Today we're going to take a look at the new features in Semantic Router that allow us to take everything fully local. So we'll be using LLAMA CPP for the dynamic routes and the Hugging Facing Coder for our routing decisions. Now one thing I really like about this is that using a very small model, so we're going to be using Mistral 7b, we add grammars onto that and using this format we seem to be getting much better results for agentic decision making than I can get with GPT 3.5.

Now all of this I'm going to be running from my M1 MacBook Pro, so it's not like I have anything crazy here and it will run pretty quick as we'll see. So let's jump straight into it. Now I'm starting off in the Semantic Router library coming over to here and I'm going to download that onto my Mac.

Once that has been downloaded we should be able to open it and we'll see this and what I'm going to do is just pip install Semantic Router. So I'm just switching across my terminal here. If you have the local Git repo you can install the most recent version like this, but I'm going to go ahead and install it from pypi.

So Semantic Router and we want 0.0.16. Now coming down to here, if you are on Mac you want to use this. So that's just to speed things up. I'm going to use the Mistral 7b instruct model. It's quantized so we can actually run this pretty easily. You don't need much to run this and it runs surprisingly quickly.

While we are waiting for that to download I'm going to come over to here and I'll just point out the PR where we got this implemented. So this one from Bogdan from Aurelio, super cool. And there's one thing in particular I wanted to point out which is that we use these LLM grammars here.

Now the LLM grammars they are essentially enforcing a particular structured output from your LLM which is a big part of why we can get very good performance from a very small model like Mistral 7b. And it is surprisingly good. I'm actually seeing better performance with this and Mistral 7b than I am with GPT 3.5 which is I think pretty insane.

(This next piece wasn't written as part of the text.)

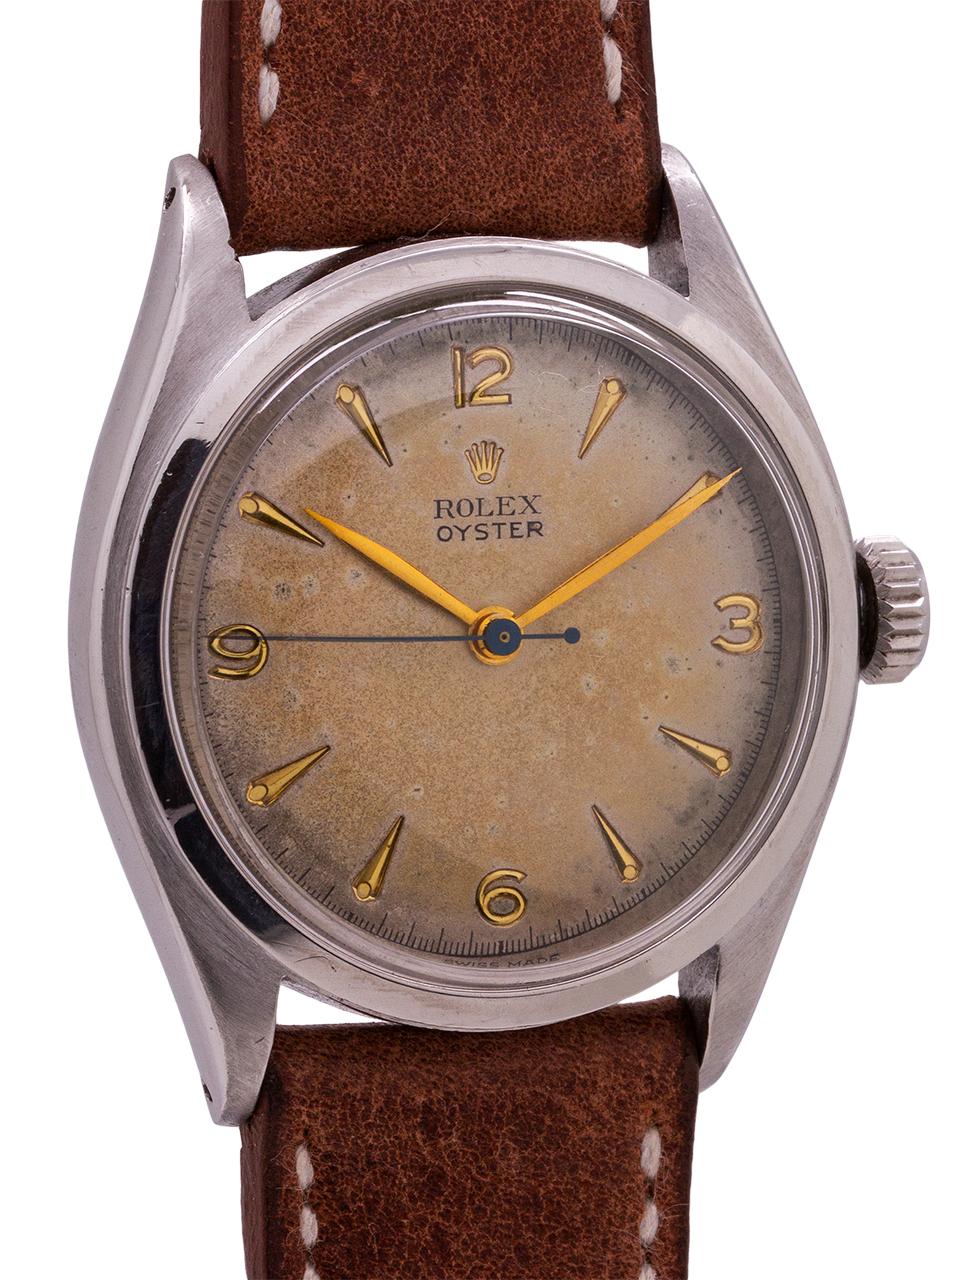 
Rolex Oyster ref # 6022 in stainless steel, case serial # 761,xxx circa 1951. Featuring 34mm diameter case with smooth bezel and very pleasing patina’d original dial with gold embossed numeral and arrow indexes, and tapered gilt leaf style hands.

Now that has been downloaded so the Mistral model. Now we'll come down to initializing our dynamic route and you might recognize this from the previous example where we demoed a dynamic route. I'm using the exact same one here but we're just going to swap out the OpenAI encoder and the OpenAI LLM for a Hugging Face encoder and the Mistral 7b LLM.

Exact same definitions here so this is our dynamic route so the get time route and we also have the static routes here as well so they are also in there. I'm going to take all those routes and I can drop that times here and there and we just put all of our routes in a list here and we're going to use them soon to initialize our route layer.

But to initialize our route layer we do need an encoder so we go ahead and we initialize that. We're using the Hugging Face encoder here which by default is the Sentence Transformers or the MiniLM L6v2 which is a tiny, tiny model. So you can also run this on pretty much anything as well.

Now we want to come over to here to begin initializing our Mistral 7b model. There's a little bit of explanation on what we're actually using here. We are going to simplify the way that you initialize a LLM CPP model but for now this is how you do it and we will still have this option.

So the idea is we'll probably make it so that if you don't pass in this LLM parameter we will use default parameters when initializing it. But for those of you that do want to modify your parameters you will be able to. So let's run this. I'm going to run it on GPU.

OK so I have that here and then we can initialize our route layer. OK so we have our encoder so the Hugging Face encoder. We have our routes that we defined before so 2 static, 1 dynamic. And we have Mistral 7b. OK. Cool. Looks good. And now let's ask how's the weather today.

We see that we hit our static route, the chachat route. Now let's ask what is the time in New York right now. OK and you can see the grammars coming through here. I'm not actually sure how to stop those from being logged because I'm sure there must be a way but we'll figure that out in a future release.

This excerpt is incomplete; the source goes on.